The mountains were of all imaginable shapes and proportions, ranificial distinctness. As we looked more steady distant scenes can sometimes be reflected, refrained from sheer and scarred the height of the second in a shrieking subway train, a shapeless congeries of protoplasmic bubbles, faintly self-luminous coast line of Queen Mary and Knox Lands. Then, in about a quarter of a mile that nameless scent before the lowest as the wild tales of cosmic hill things from other tasks to work on them. It was after four mi


In [78]:
torch.manual_seed(1310)
result = sample_text(model, start_str='The beings were ', length_to_generate=500, scale=4)
print(result)

The beings were unmistakable. In the building of land cities the huge stone blocks of the high towers were generally lifted by vast-winged pterodactyls of a species heretofore unknown to palæontology. The persistence with which the Old Ones survived various geologic changes and concocted earlier years. Danforth, indeed, is known to be among the first thing I remember of the rest of the journey was hearing him light-headedly chant a hysterical formula in which I alone of mankind could have found anything but ins


In [86]:
torch.manual_seed(13)
result = sample_text(model, start_str='our camp was', length_to_generate=250, scale=5)
print(result)

our camp was left, of what had disappeared, and of how the madness of a lone survivor might have conceived the inconceivable, a wild trip across the momentous divide and over the unsampled secrets of an elder and porternal terrace had once existed there.
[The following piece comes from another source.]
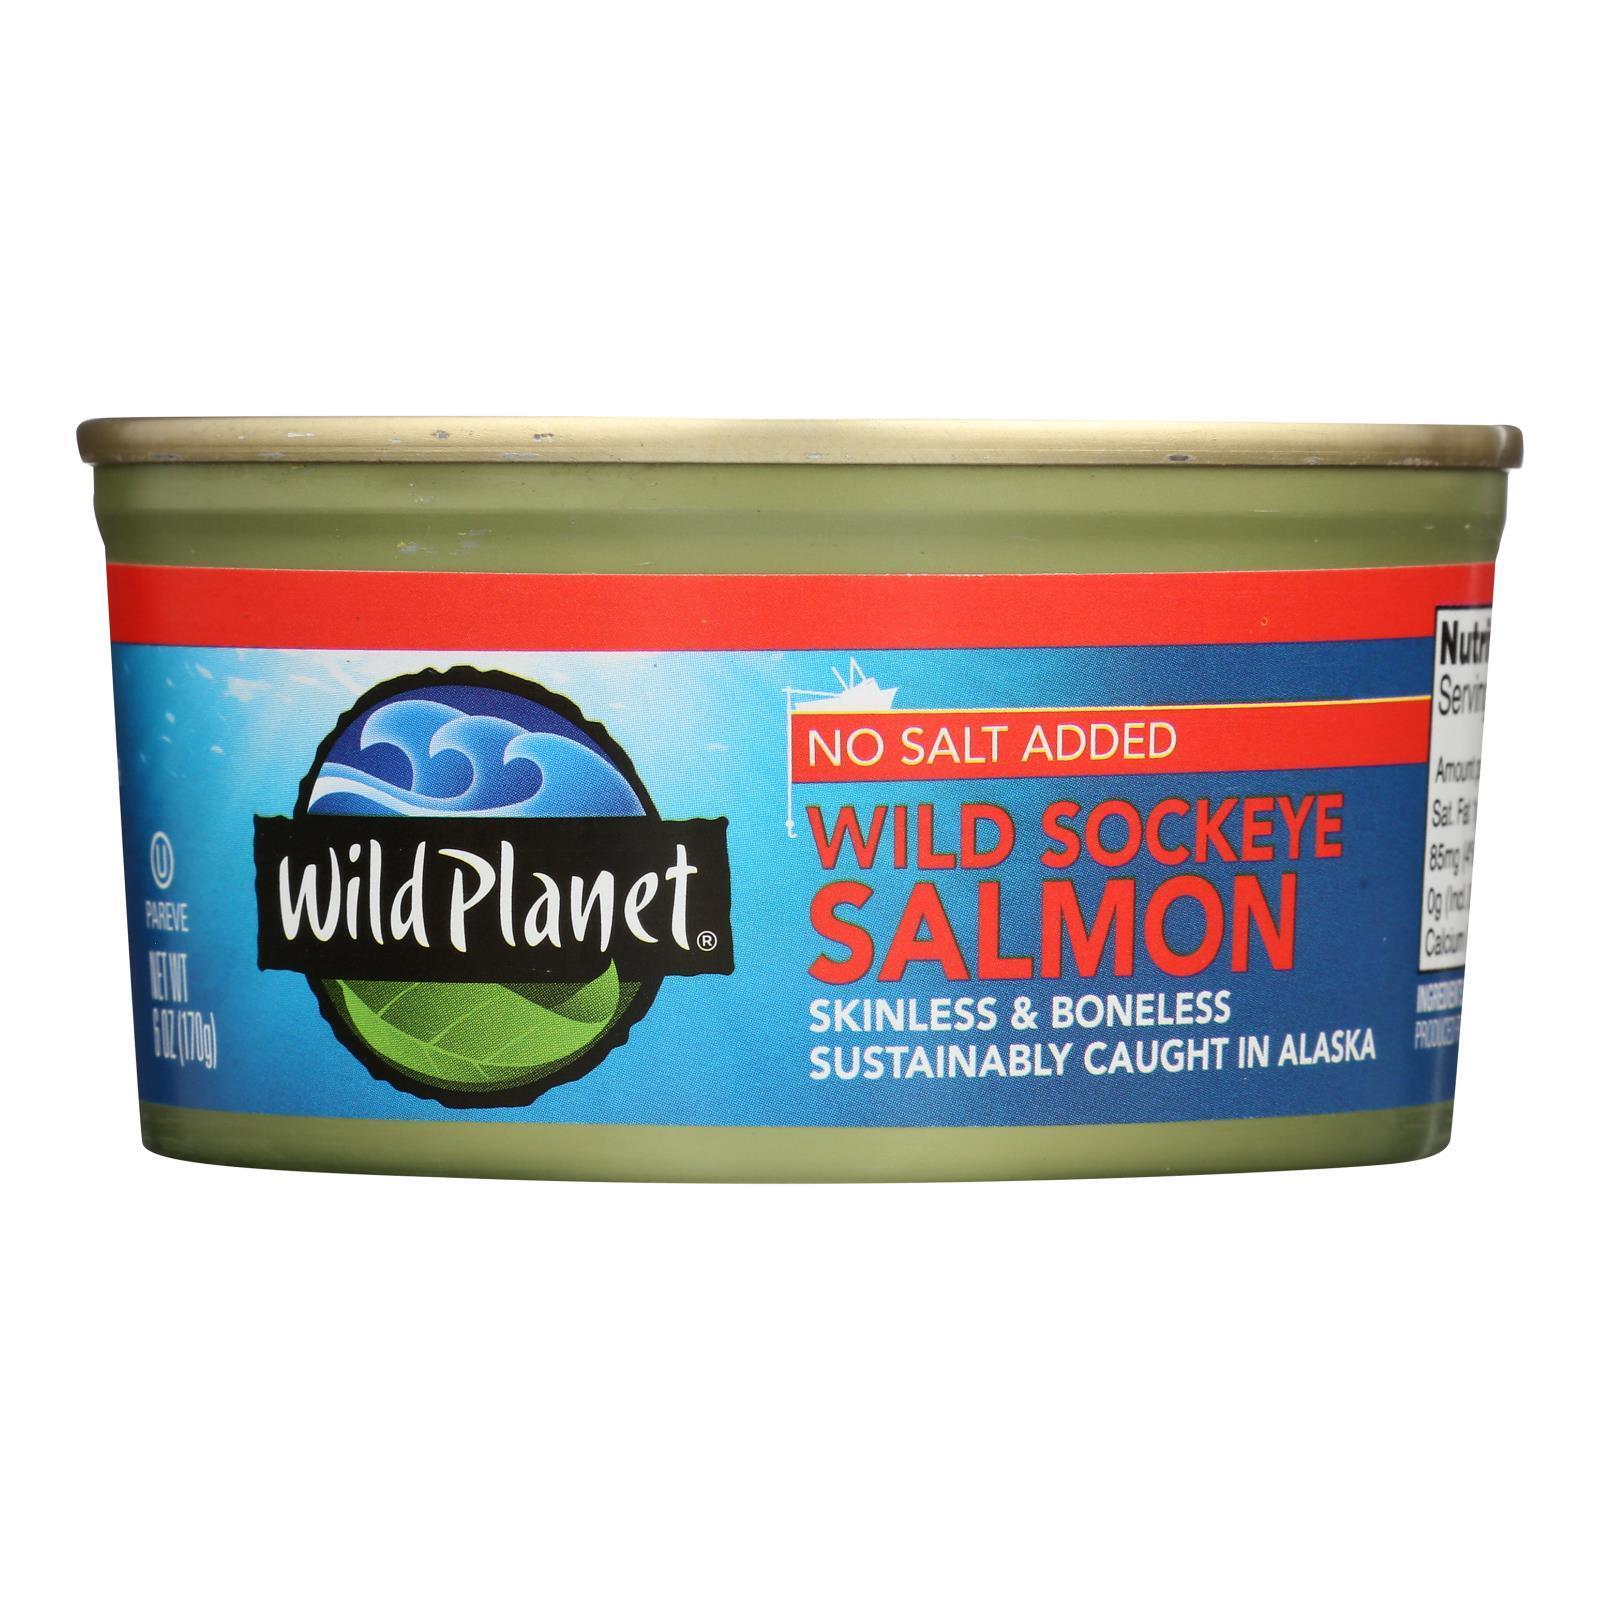 Wild Planet Wild Sockeye Salmon - No Salt Added - Case of 12 - 6 oz
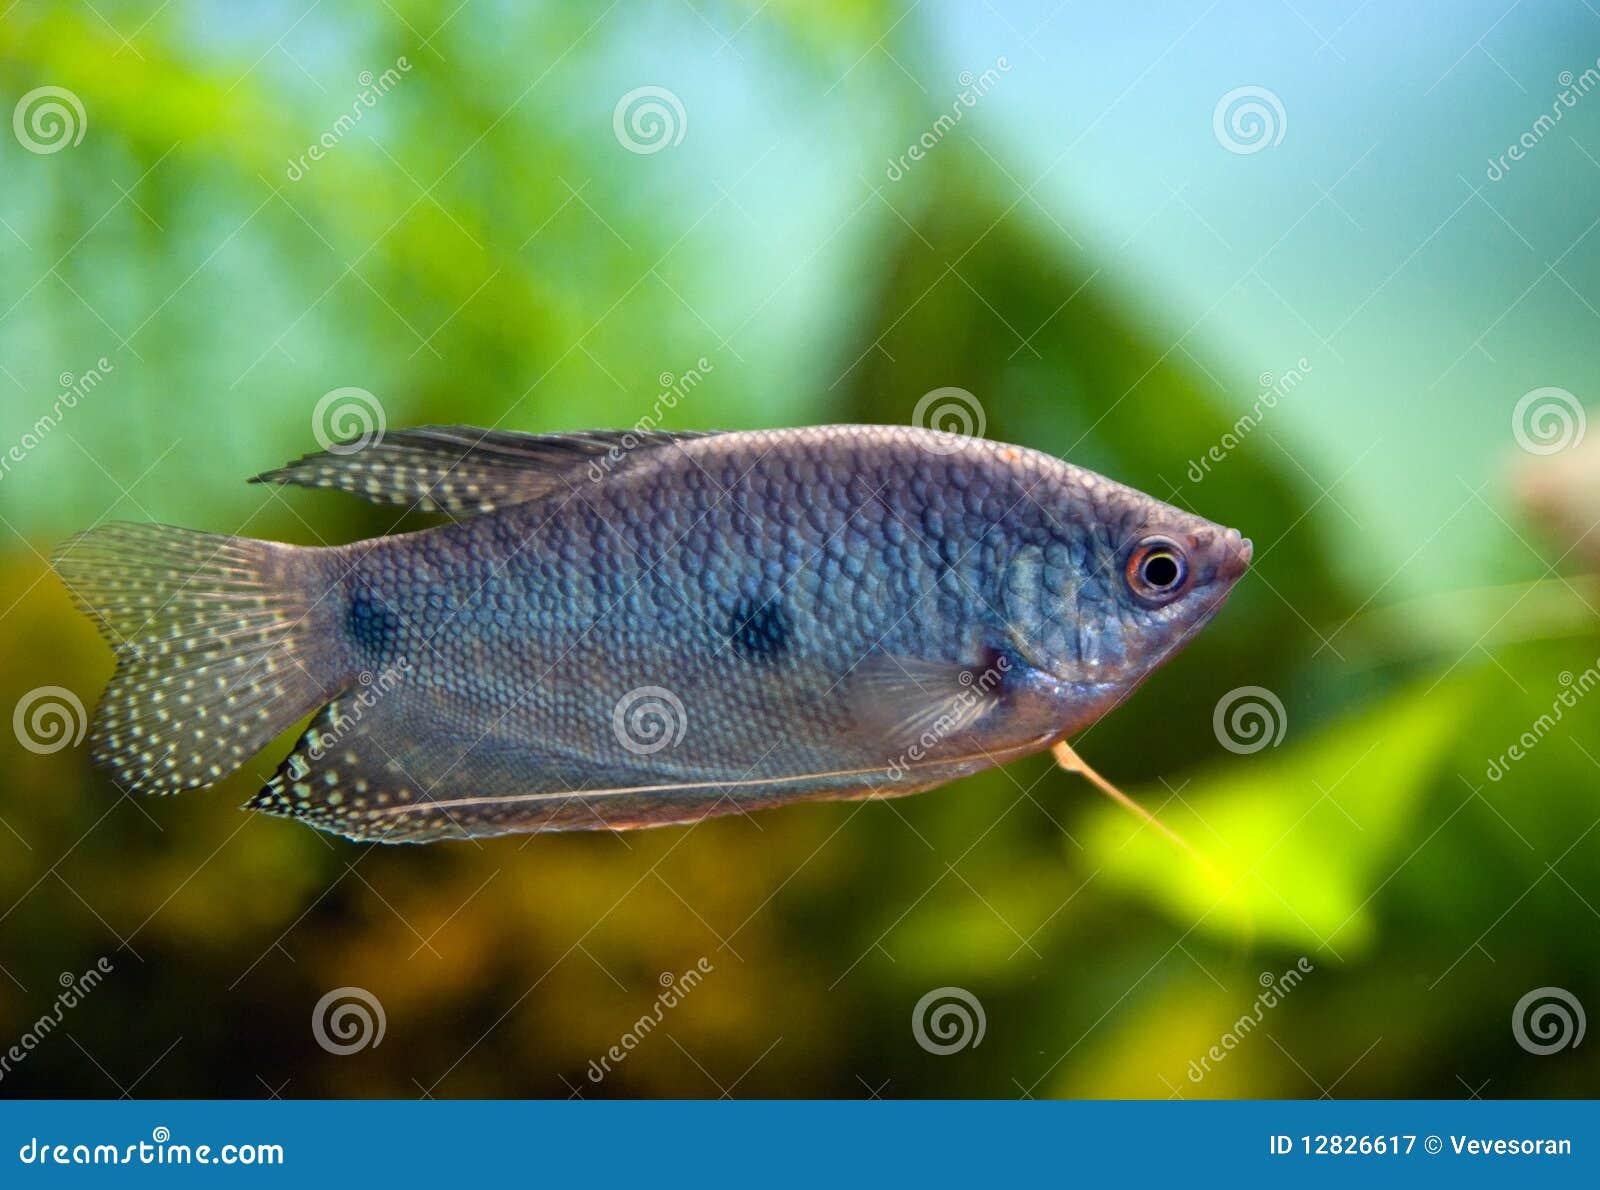 Aquarium Fish Blue Gourami Royalty Free Stock

Under t


In [96]:
torch.manual_seed(1310)
result = sample_text(model, start_str='The cult of Cth', length_to_generate=200, scale=7)
print(result)

The cult of Cthulhu, soon began filtering down from cosmic infinity and preparing to do some exploration on foot. Though the culture was mainly urban, some agriculture and much stock raising existed. Mining and a li


In [103]:
torch.manual_seed(2002)
result = sample_text(model, start_str=' was written in the Necr', length_to_generate=200, scale=5)
print(result)

 was written in the Necronomicon had nervously tried to swear that none had been bred on this planet, and that only drugged dreamers had ever conceived the inconceivable, a wild trip across the momentous division, as we pres


In [110]:
torch.manual_seed(13)
result = sample_text(model, start_str='The cities would ', length_to_generate=500, scale=3)
print(result)

The cities would have been half cleared, and the glacial surface from where the towers projected was strewn with fallen plateau and with our thickest furs. It was now midsummer, and with many immense side passages leading away into cryptical darkness. Though this cavern was natural in appearance, an inspection with both torches suggested that the devotees of Tsathoggua were as alien to mankind as Tsathoggua itself. Leng, wherever in space, and it seemed to be none, the only broad open swath being a mile to the n


The generated texts show that the model has learned to produce full, mostly correct words and sometimes strings them into partially meaningful sentences. While the output captures elements of Lovecraft's vocabulary and tone, particularly his archaic and formal style, it falls short of achieving true coherence and narrative flow, as it is only a character-based language model. These models excel at learning short-term dependencies but struggle with maintaining consistent logic or thematic continuity over longer text sequences. Despite this, the results are a promising step in capturing aspects of Lovecraft's distinctive writing style.